ICD-10 and CCAM codes were grouped by the three first characters indicating the diagnostic category and the procedure and organ, respectively. Laboratory data were coded as binary variables, and were considered as abnormal if at least one value during the stay was outside the normal range.
Demographic data, aggregated at the city and district levels when the municipality had more than 10,000 inhabitants [17], were merged with the patient using the geometric map background and the corresponding geolocation:
- Median pre-tax household income per year
- Part of ≥15-year-old population, education level
- Unemployment rate for the 15 to 64-year-old population
- Socio-professional categories for the 15 to 64-year-old population
Data Processing
Missing data were imputed using the K Nearest Neighbor method (taking the mean of the five nearest neighbors); numerical values were considered Missing At Random (MAR). Features with less than 1% of events were removed to avoid unpredictable and inexplicable responses from prediction models related to rare events. For the logistic regression models, only significant covariates (p-value ≤0.05 by univariate analysis) were retained and then, a multivariate model with step-by-step selection of variables was performed to obtain the most parsimonious model to maximise the area under the Receiver Operating Characteristic (ROC) curve (AUC). The algorithms used for readmission prediction were the most frequently described in the literature: logistic regression, Random Forest, Gradient Boosting, Naive Bayes, and Neural Networks [9, 18–21].
The main outcome was the AUC, and the secondary outcomes were sensitivity, specificity, positive and negative predictive value of the cut-point closest to the top-left corner of the ROC space. The calculation time was evaluated after the data management step and was from the start of the feature selection to the end of model fitting.

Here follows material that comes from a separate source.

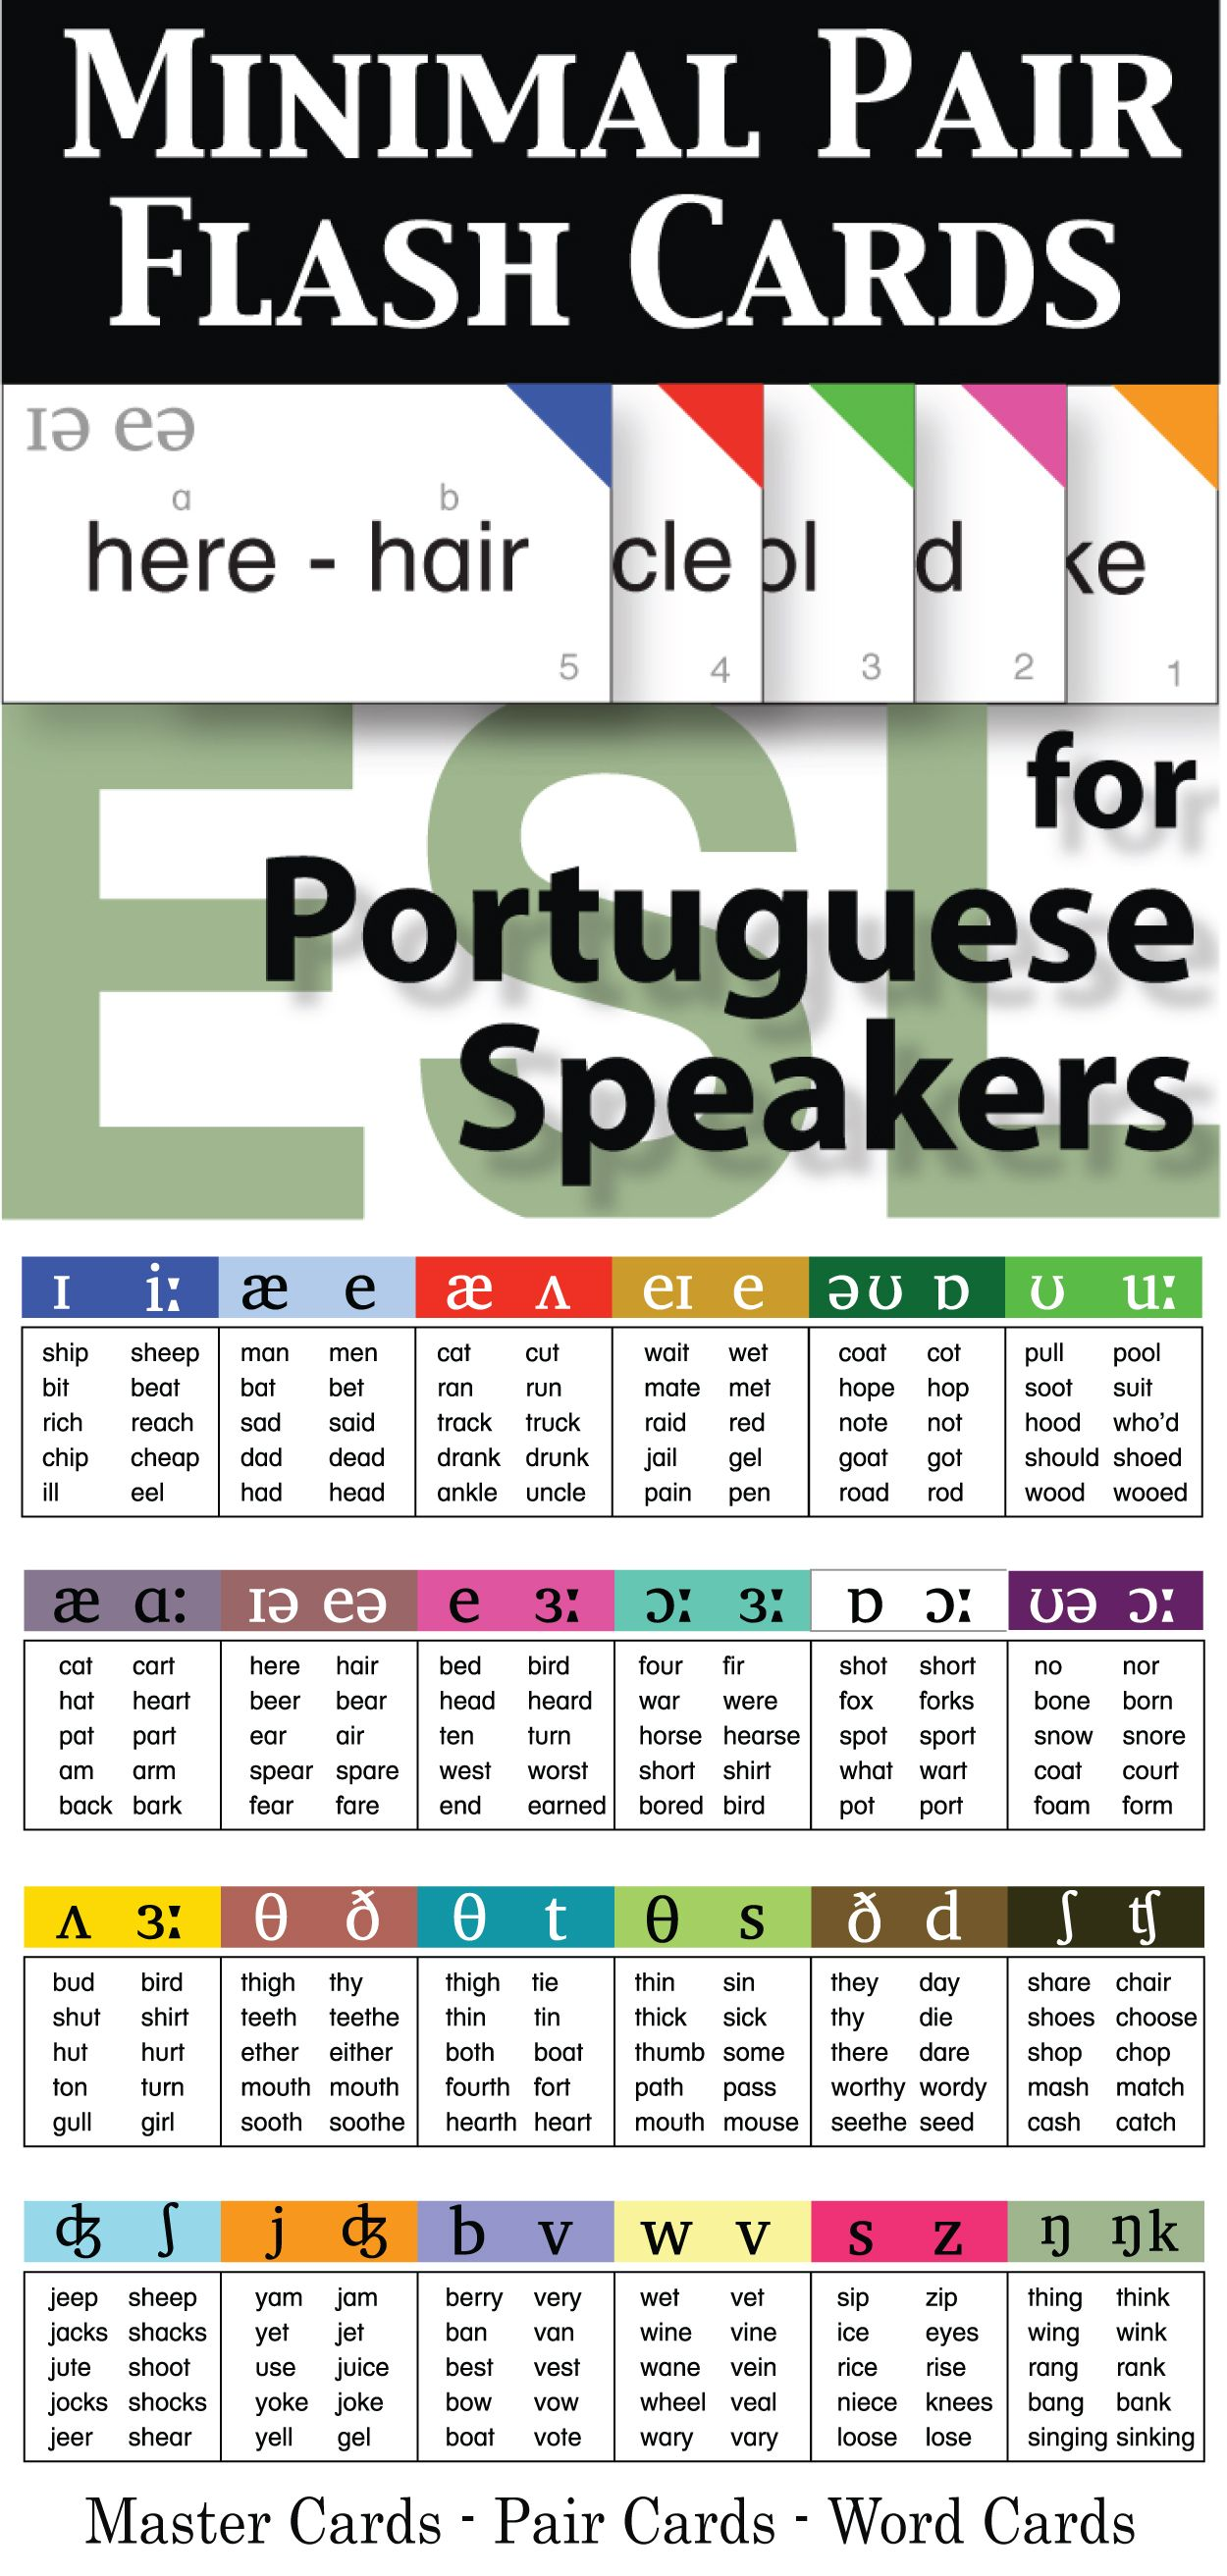 Minimal Pair Flash Card For Portuguese Speakers In

As a secondary objective, the model explainability was assessed by identifying the covariates considered to be important by the different algorithms. This importance was assessed according to criteria adapted to each algorithm: Odds Ratio (OR) for logistic regression, relative influence for Gradient Boosting, Gini index for Random Forest, and Garson algorithm for Neural Networks. The most relevant covariates were compared between hospitals.

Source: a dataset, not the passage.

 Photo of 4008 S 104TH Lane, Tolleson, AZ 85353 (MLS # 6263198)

Data handling and pre-processing were performed on R Studio, version 3.6.0 [22].
Ethics and Consent
The clinical data warehouses have been authorized by the Commission Nationale de l'Informatique et des Libertés (CNIL national commission for information technology and civil liberties), requiring individual and collective patient information. Patients have a right to oppose the reuse of their data.